Presentday Cultivation And Usage

In Europe, AH is so widespread that intensive cultivation is unnecessary. The fruits harvested from wild plants are sufficient for industrial processes. The most important usages are in the field of health products (in herboristic remedies and pharmaceutical formulations). The seed extracts are also used as formulating agents in various cosmetic applications, such as shampoos, shower foams, creams, lotions, and toothpastes (Thornfeldt, 2005).

It should be noted that some other varieties of Aesculaceae growing in Asian countries (A. indica and A. turbinata Blume) are more suitable for human consumption, following some preliminary preparation. For example, the seeds from A. indica represent a foodstuff still largely consumed by local populations (Parmar & Kaushal, 1982). The starch contained within the seeds (~40% in fresh fruits, ratio amylopectin: amylose y 3:1) is blended with other flours, after removal of its bitter taste due to saponins by extended soaking in water.

Horse chestnuts: chemical composition and characterization

The chemical characterization of the seeds of genus Aesculus is rather incomplete. The literature provides partial information, with many papers being standpoints of excellence in this field.

The composition of AH seeds can be summarized as follows. The main classes of components are:

• starch and non-starch saccharides

• proteins (Azarkovich & Gumilevskaya, 2006)

• lipids (essential oils)

Among minor compounds, the following classes are the most important bioactively:

• escin (saponin and sapogenin fractions), which are the most abundant

• coumarin-derived compounds (aesculin, fraxin, and scopolin, among others)

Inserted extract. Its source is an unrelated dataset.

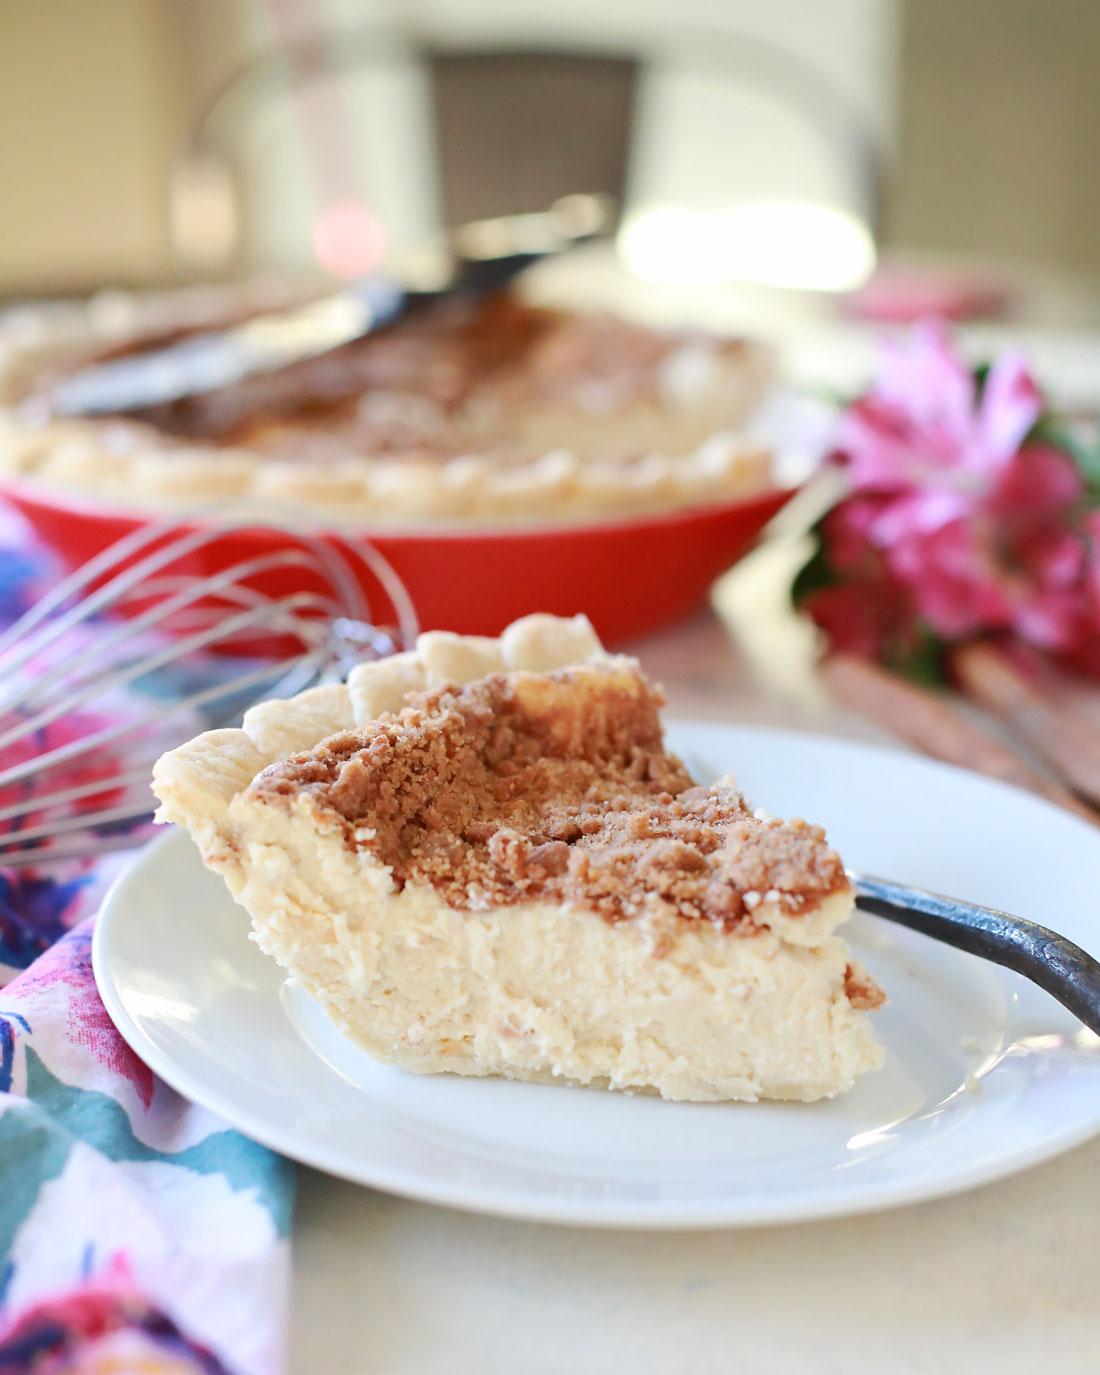 Incredibly delicious sopapillas cheesecake pie! It's soooo good!
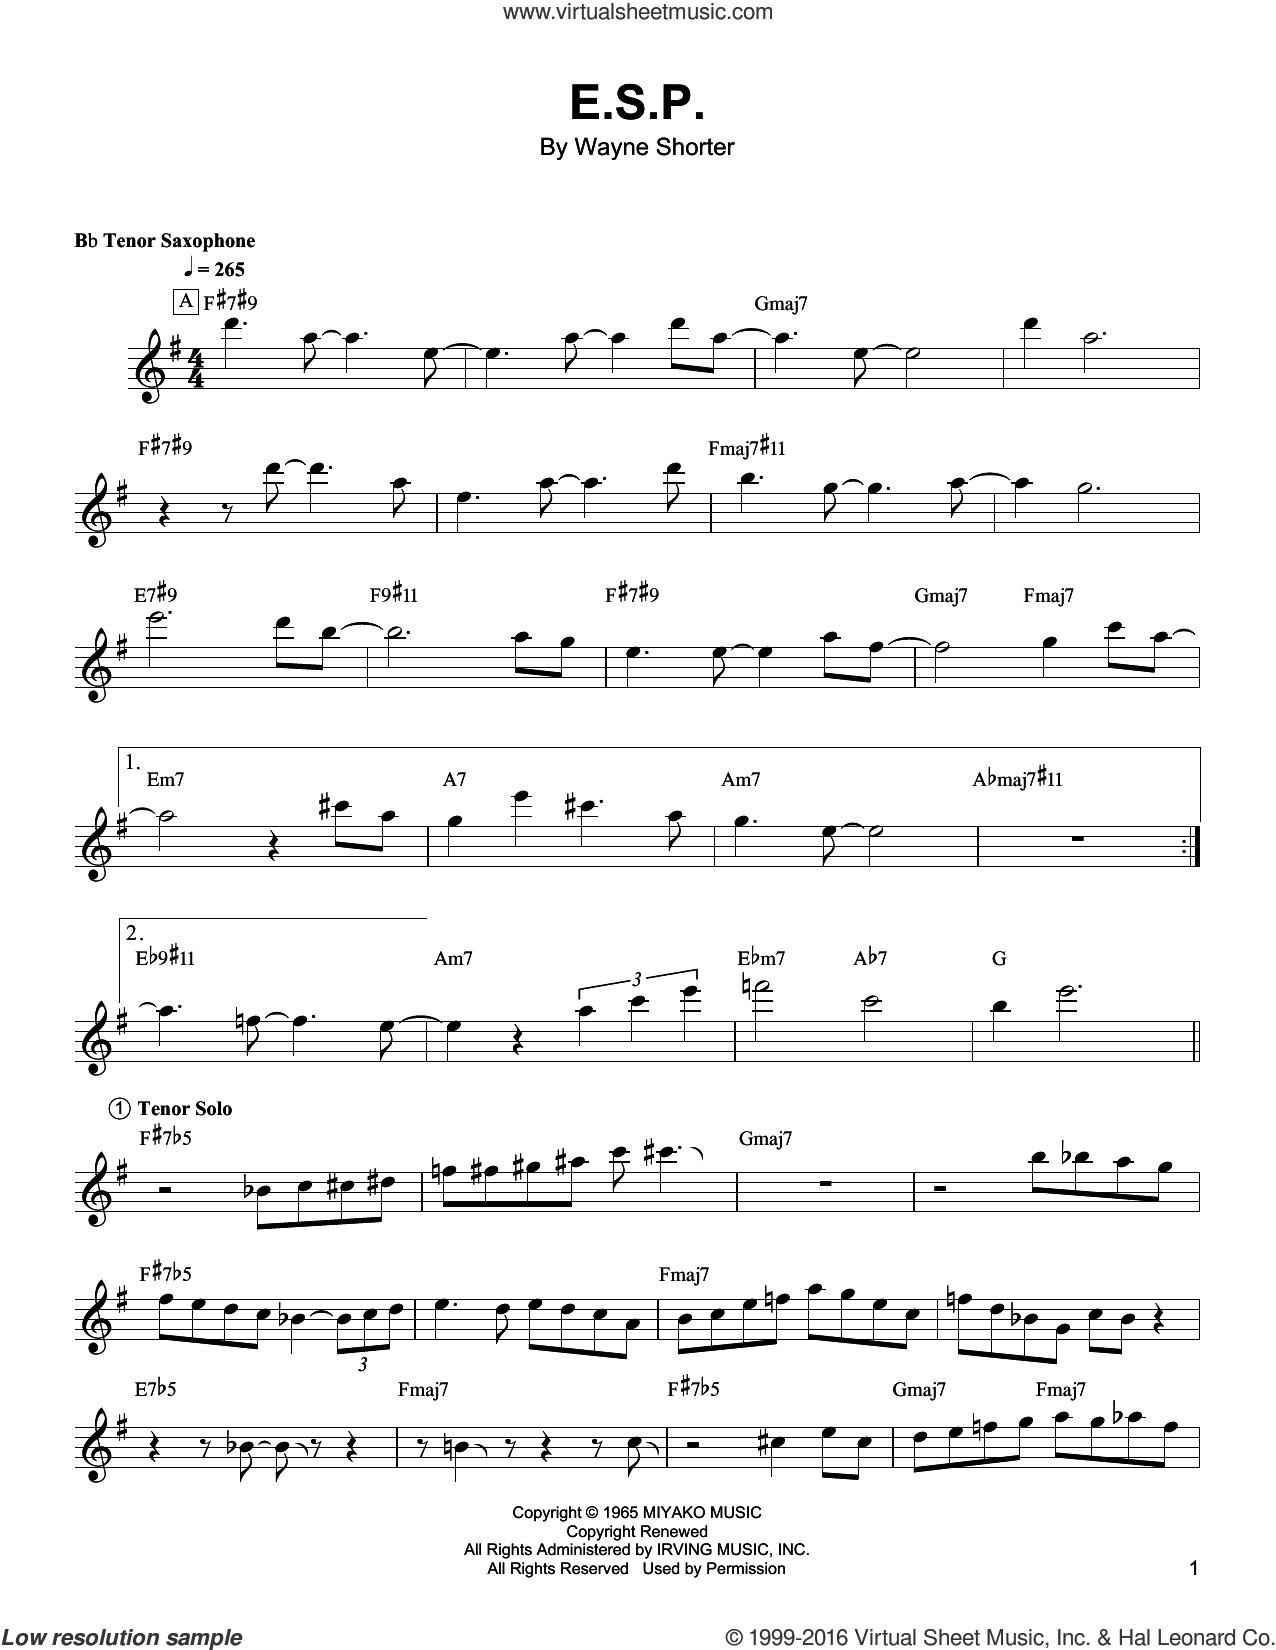 E.S.P. sheet music for tenor saxophone solo (transcription) by Wayne Shorter, intermediate tenor saxophone (transcription)

• tannins (leucocyanidine, proanthocyanidin A2)

• non-protein nitrogen compounds (i.e., adenine, adenosine, guanine, uric acid)

• vitamin-B complex, methionine, and holine

Escin is a generic mixture of saponins (triterpenoid glycosides) and sapogenins. The latter family is more complex, having two molecular groups, triterpenic and steroydic (Figure 76.1), which show a different basic structure and are variously substituted.

Typically, different classes of the main bioactive principles are present in different organs and parts of Aesculaceae: escin fractions predominate in the seeds, essential oils in the leaves and flowers, tannins and coumarin-derived compounds in the bark. In addition, the crude extracts of the seeds contain significant amounts of some other families of different compounds, such as condensed tannins (mainly flavonoids), and sterols (Stankovic et al., 1984).

The oils extracted from seeds generally contain both saponifiable and unsaponifiable matter. The unsaponifiable constituents of horse chestnut still remain largely unidentified. Although they represent a very small fraction of the essential oil, approximately 2—3% (equivalent to 0.08—0.15% on the dry-meal basis), they include sterols, triterpenes, aliphatic alcohols, vitamins, chlorophylls, and pigments, among others.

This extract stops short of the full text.